§ Records for this task
##############################

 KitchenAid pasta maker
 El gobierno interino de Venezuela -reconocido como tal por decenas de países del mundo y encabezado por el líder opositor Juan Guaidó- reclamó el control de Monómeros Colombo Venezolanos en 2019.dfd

##############################

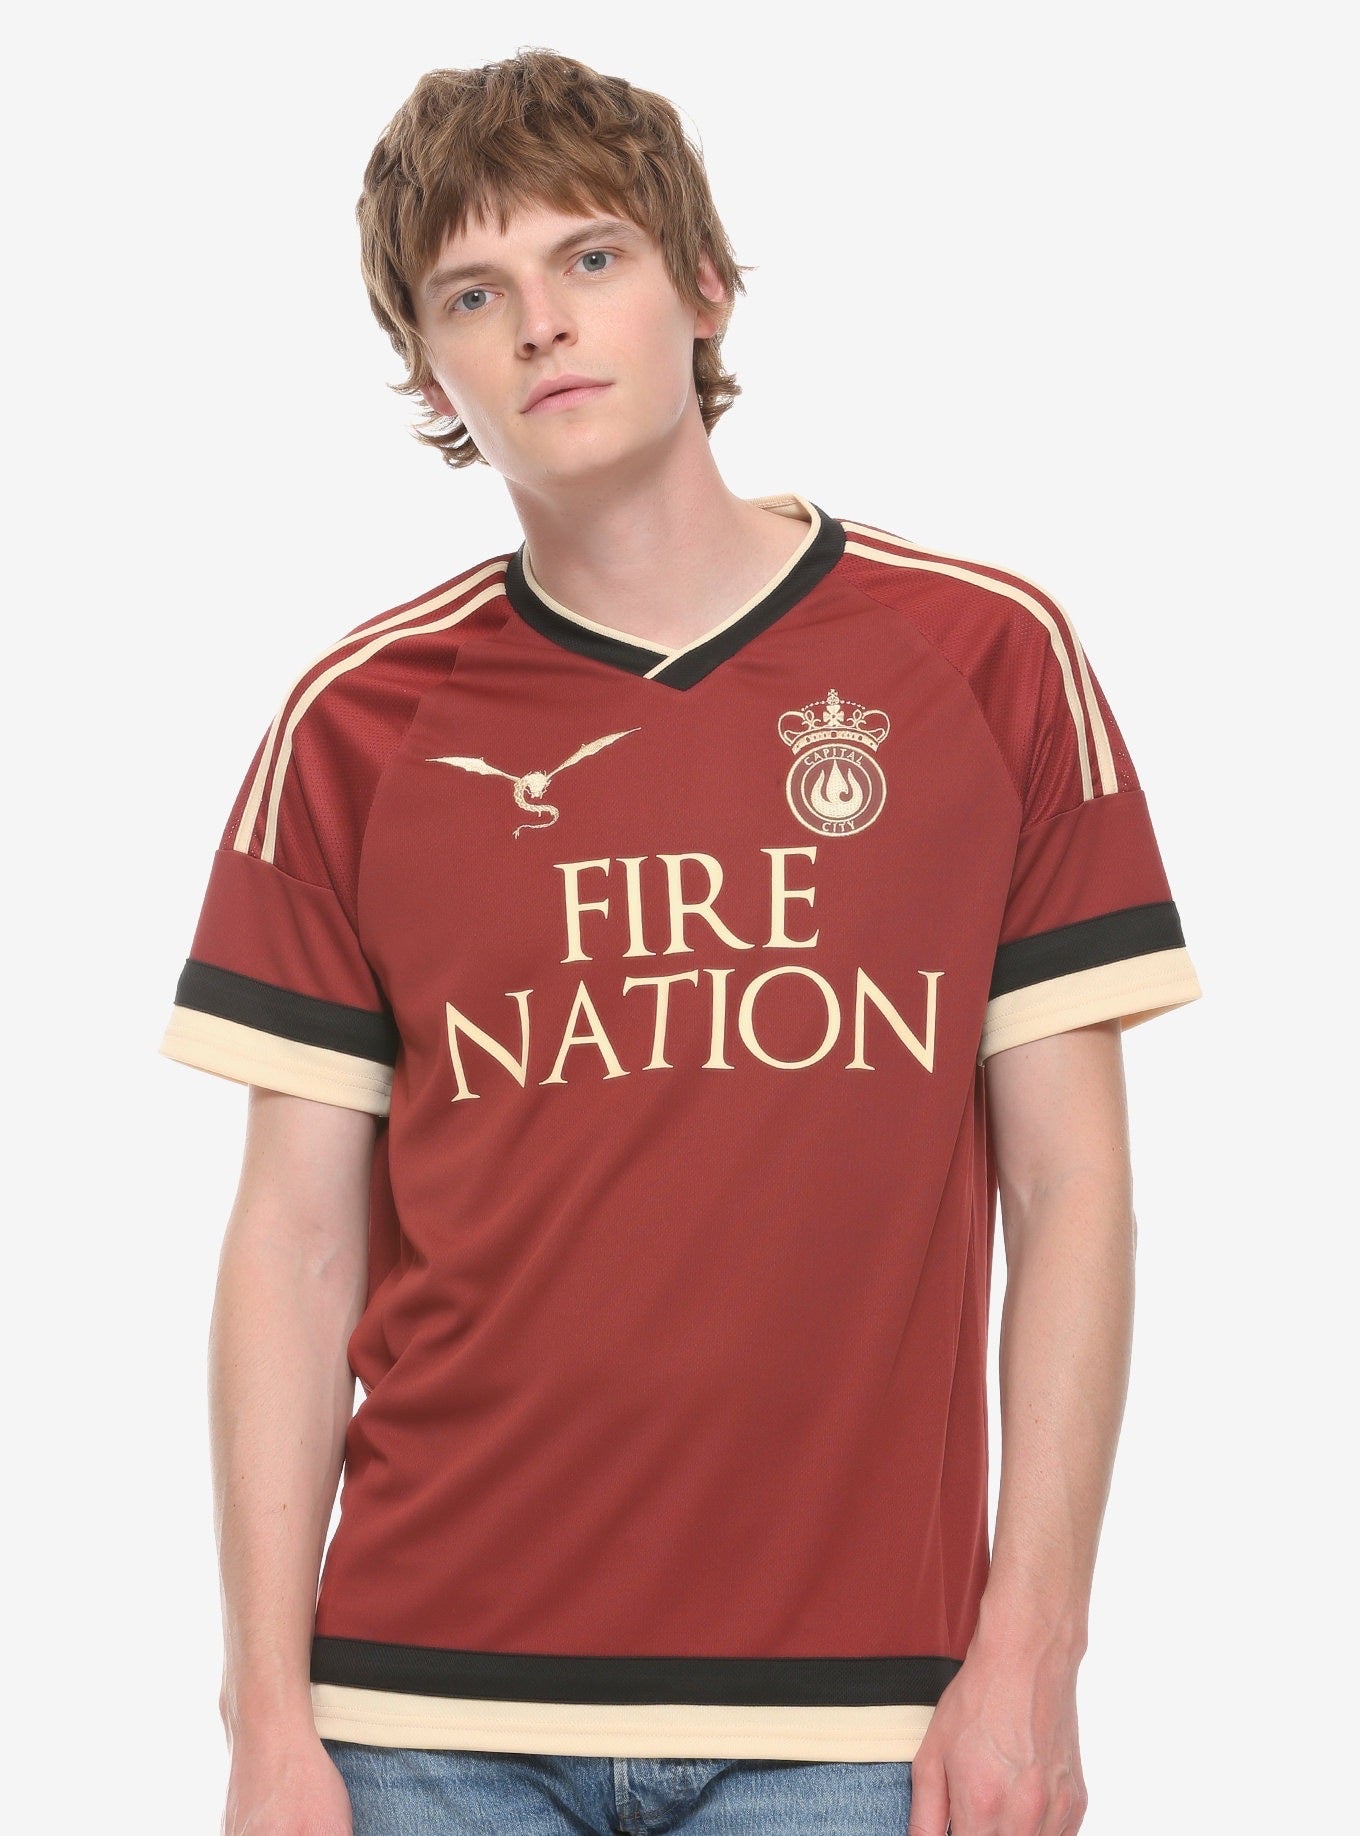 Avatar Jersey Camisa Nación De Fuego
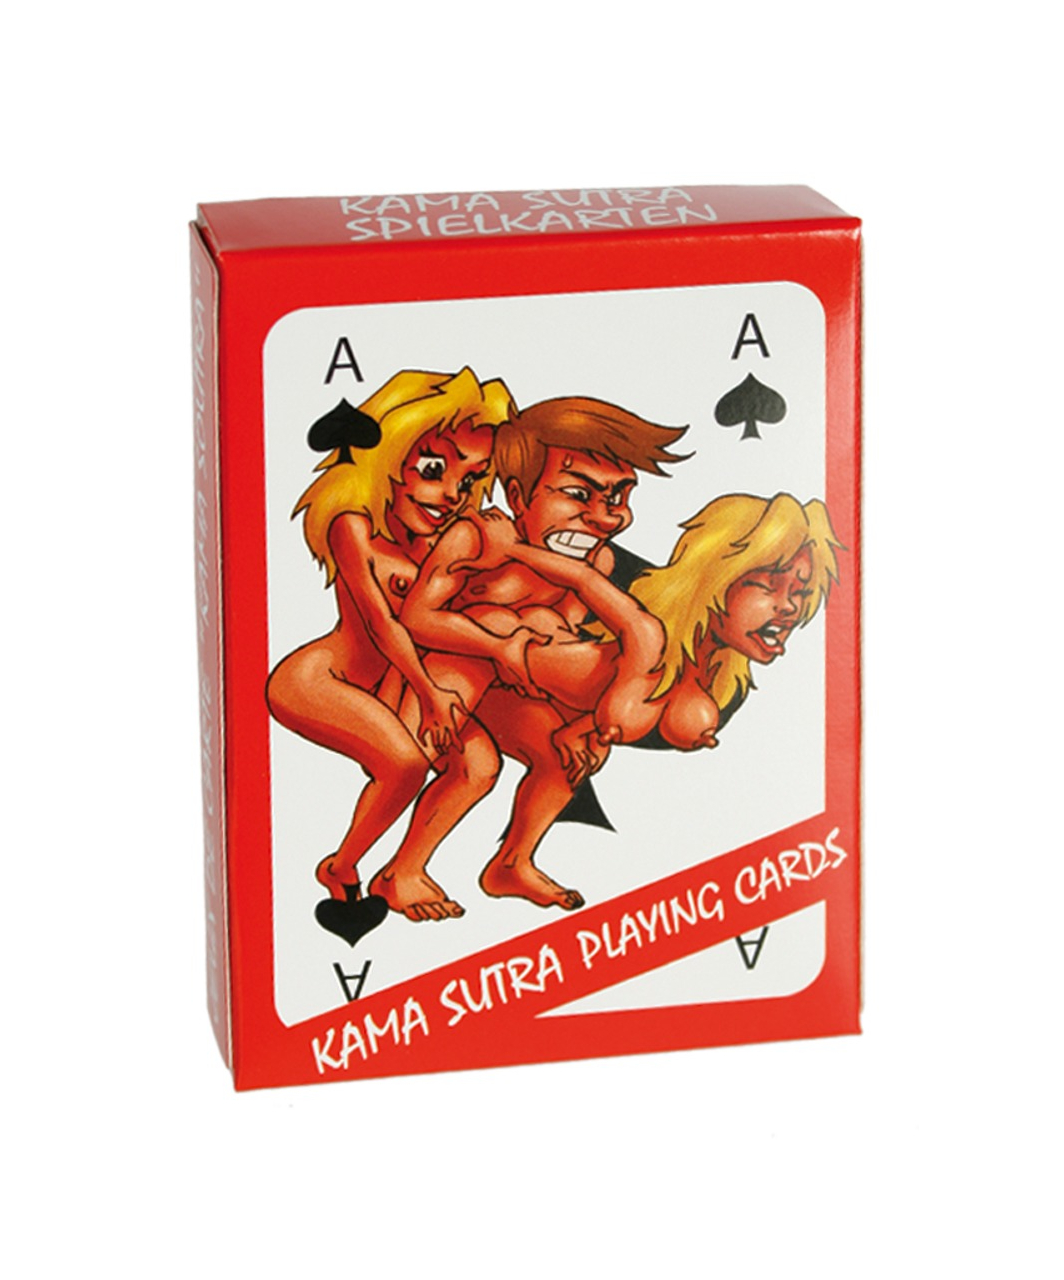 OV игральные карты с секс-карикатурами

##############################

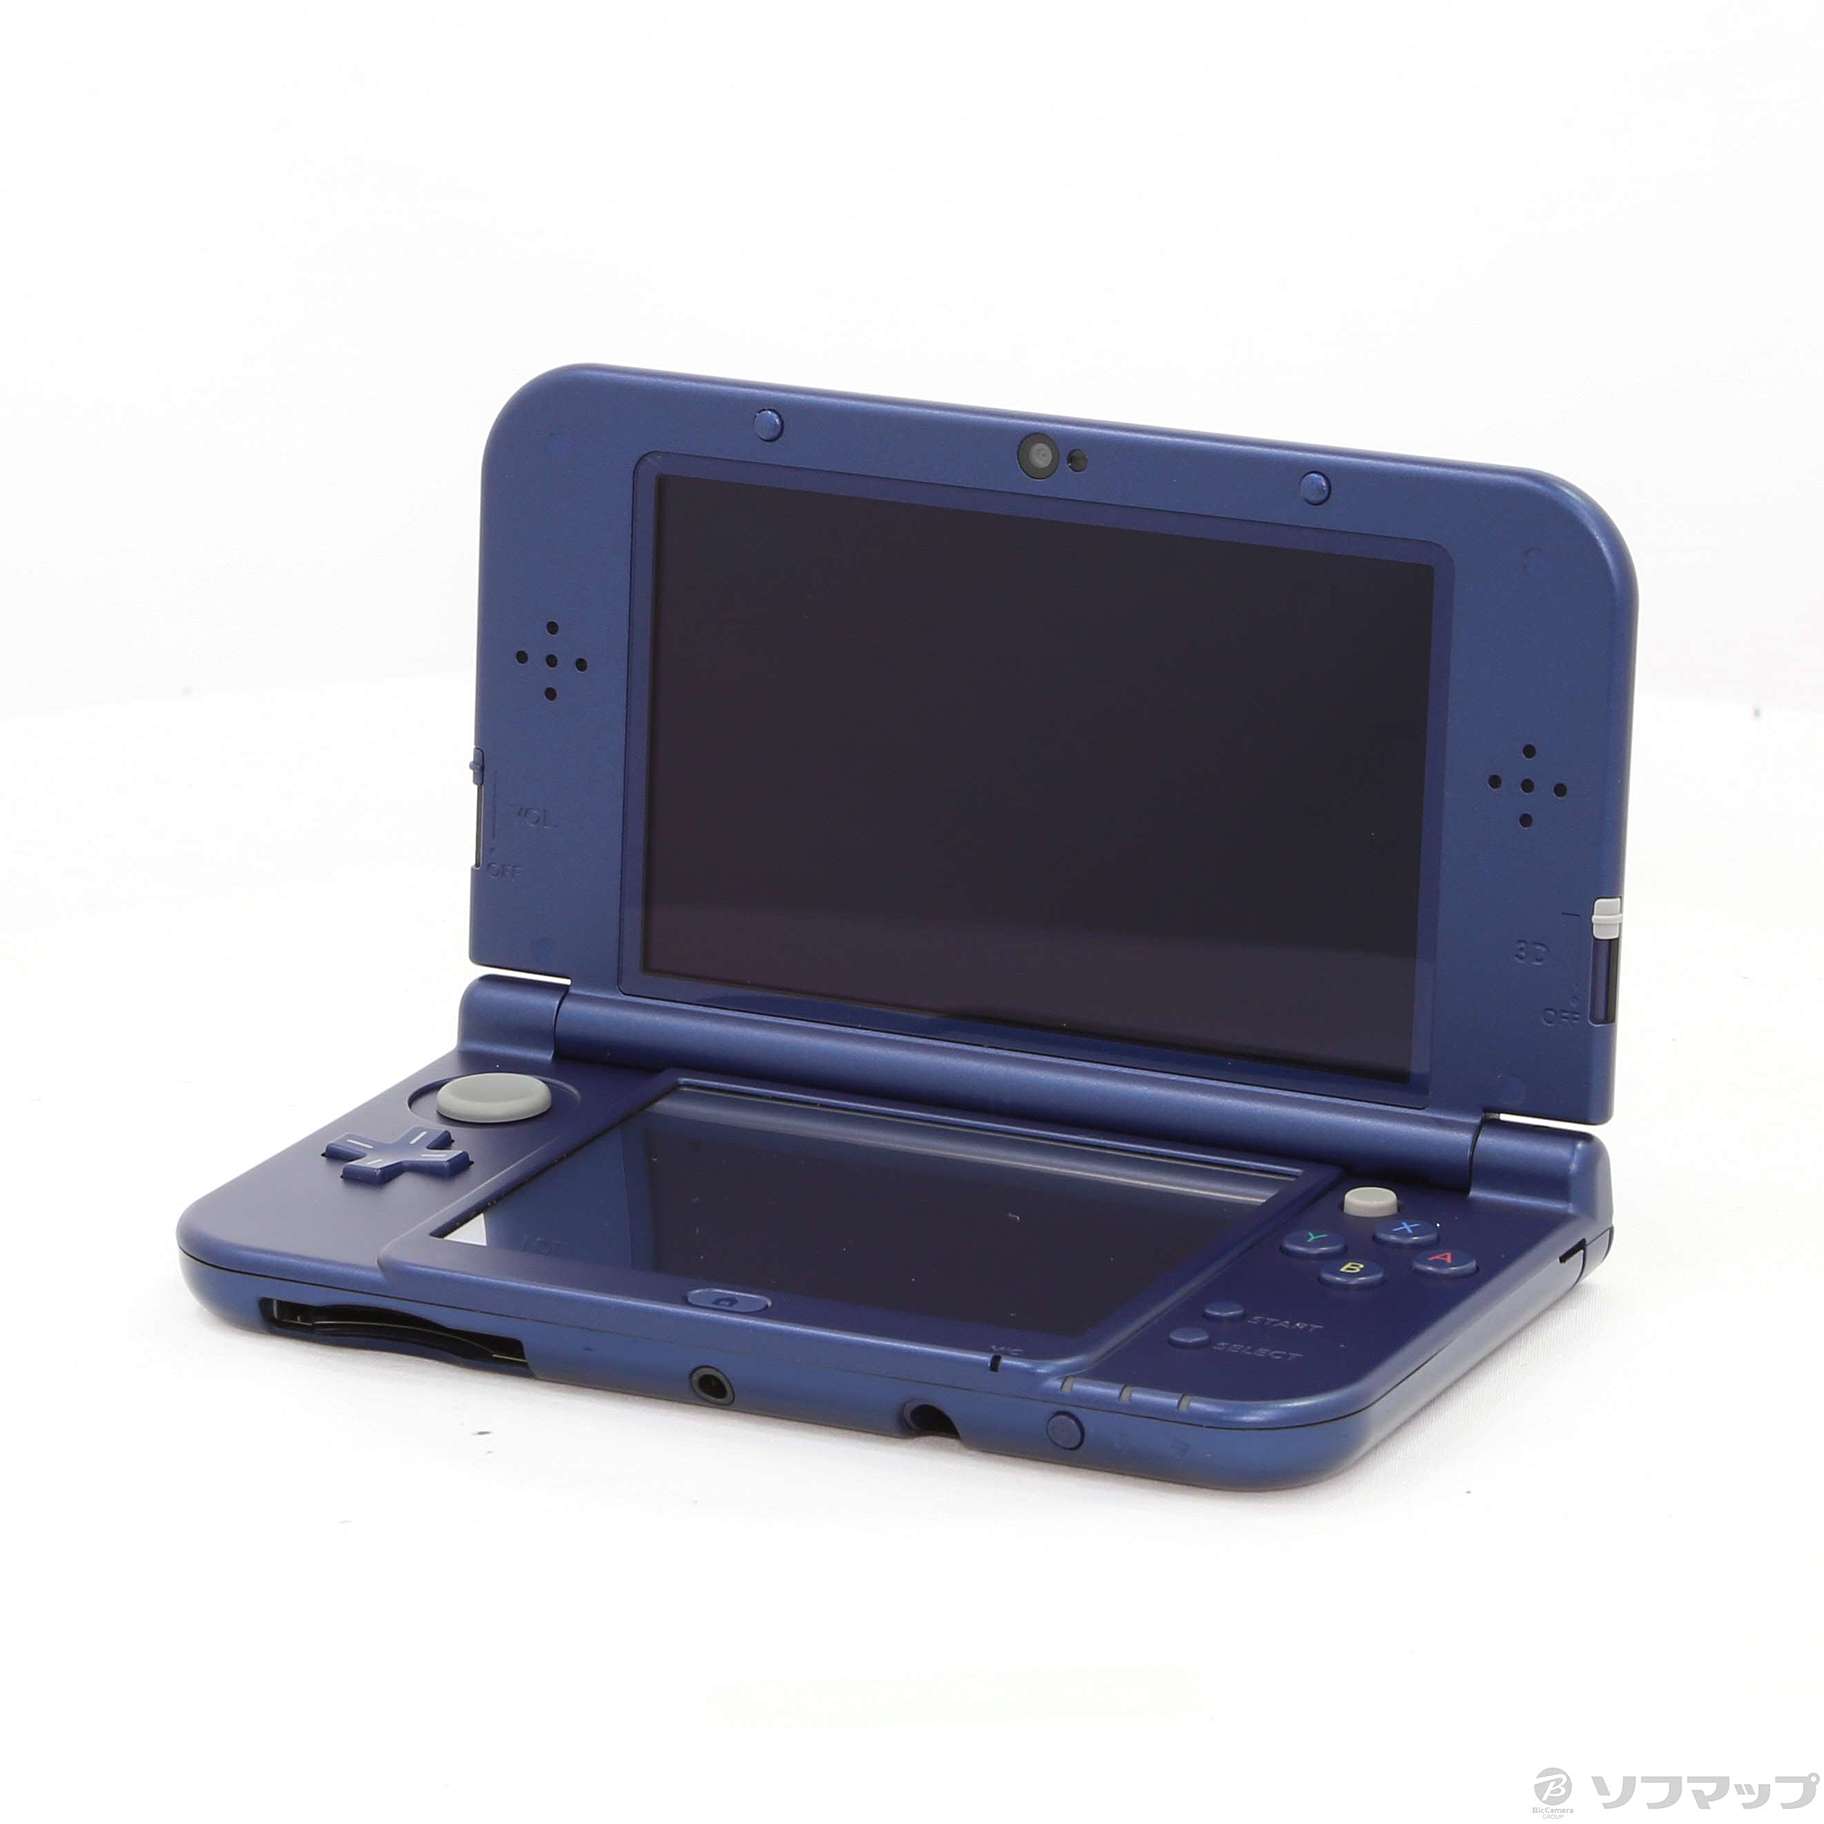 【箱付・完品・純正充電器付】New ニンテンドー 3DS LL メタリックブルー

##############################

§ What you need to do
In the data above, which lines lie between the line with "KitchenAid pasta maker" and the line with "El gobierno interino", inclusive? Print those lines exactly and nothing else.

§ Response
 KitchenAid pasta maker
 El gobierno interino de Venezuela -reconocido como tal por decenas de países del mundo y encabezado por el líder opositor Juan Guaidó- reclamó el control de Monómeros Colombo Venezolanos en 2019.dfd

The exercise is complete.